EXERCISE REQUIREMENTS - The answer must consist solely of the lines from the one with "Folie für Möbel" through the last line of the data, copied exactly, with no pictures.

DATA SHOWN -

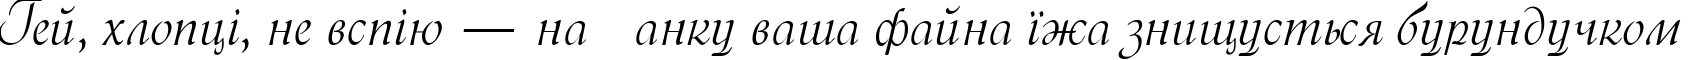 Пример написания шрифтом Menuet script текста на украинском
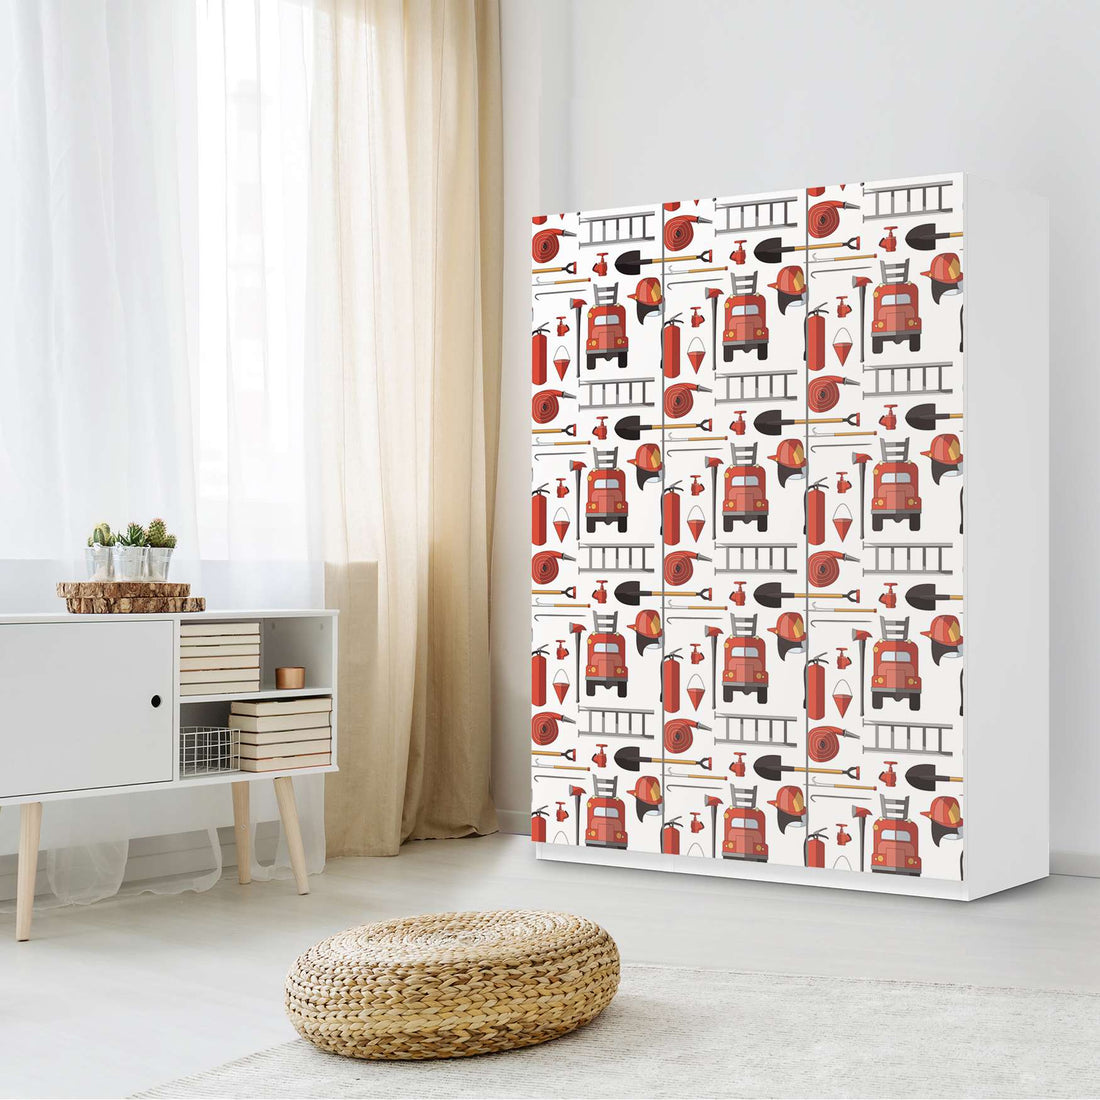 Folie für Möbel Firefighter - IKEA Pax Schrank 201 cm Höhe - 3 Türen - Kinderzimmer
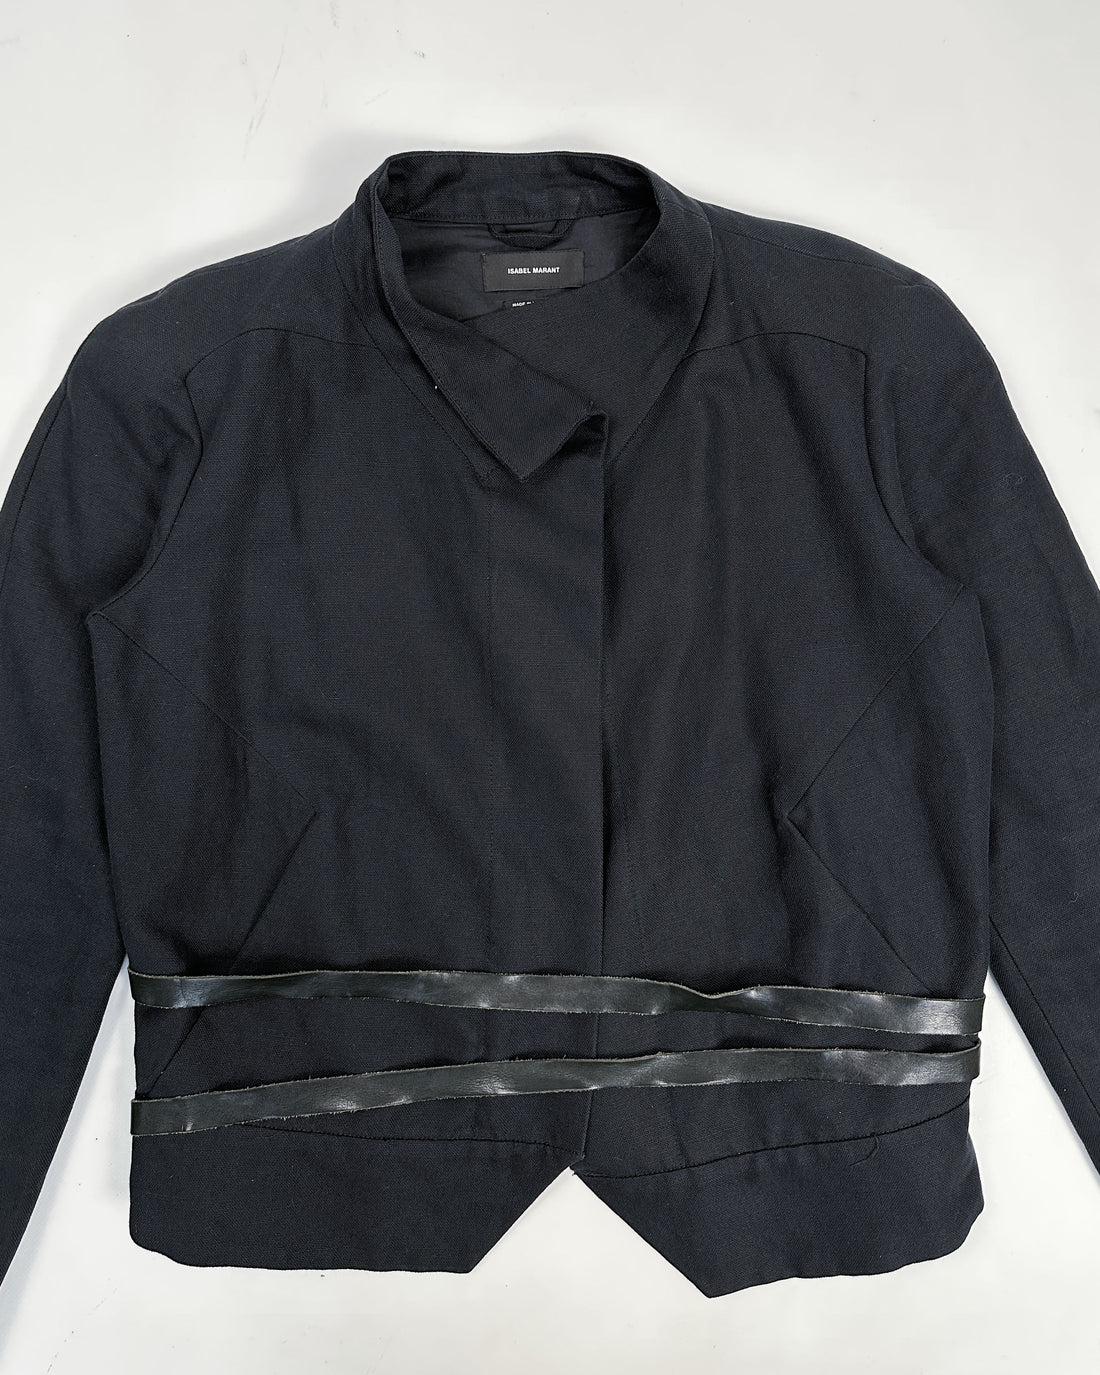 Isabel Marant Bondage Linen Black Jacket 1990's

COMPLETED EXERCISE -
 Folie für Möbel Firefighter - IKEA Pax Schrank 201 cm Höhe - 3 Türen - Kinderzimmer
 Isabel Marant Bondage Linen Black Jacket 1990's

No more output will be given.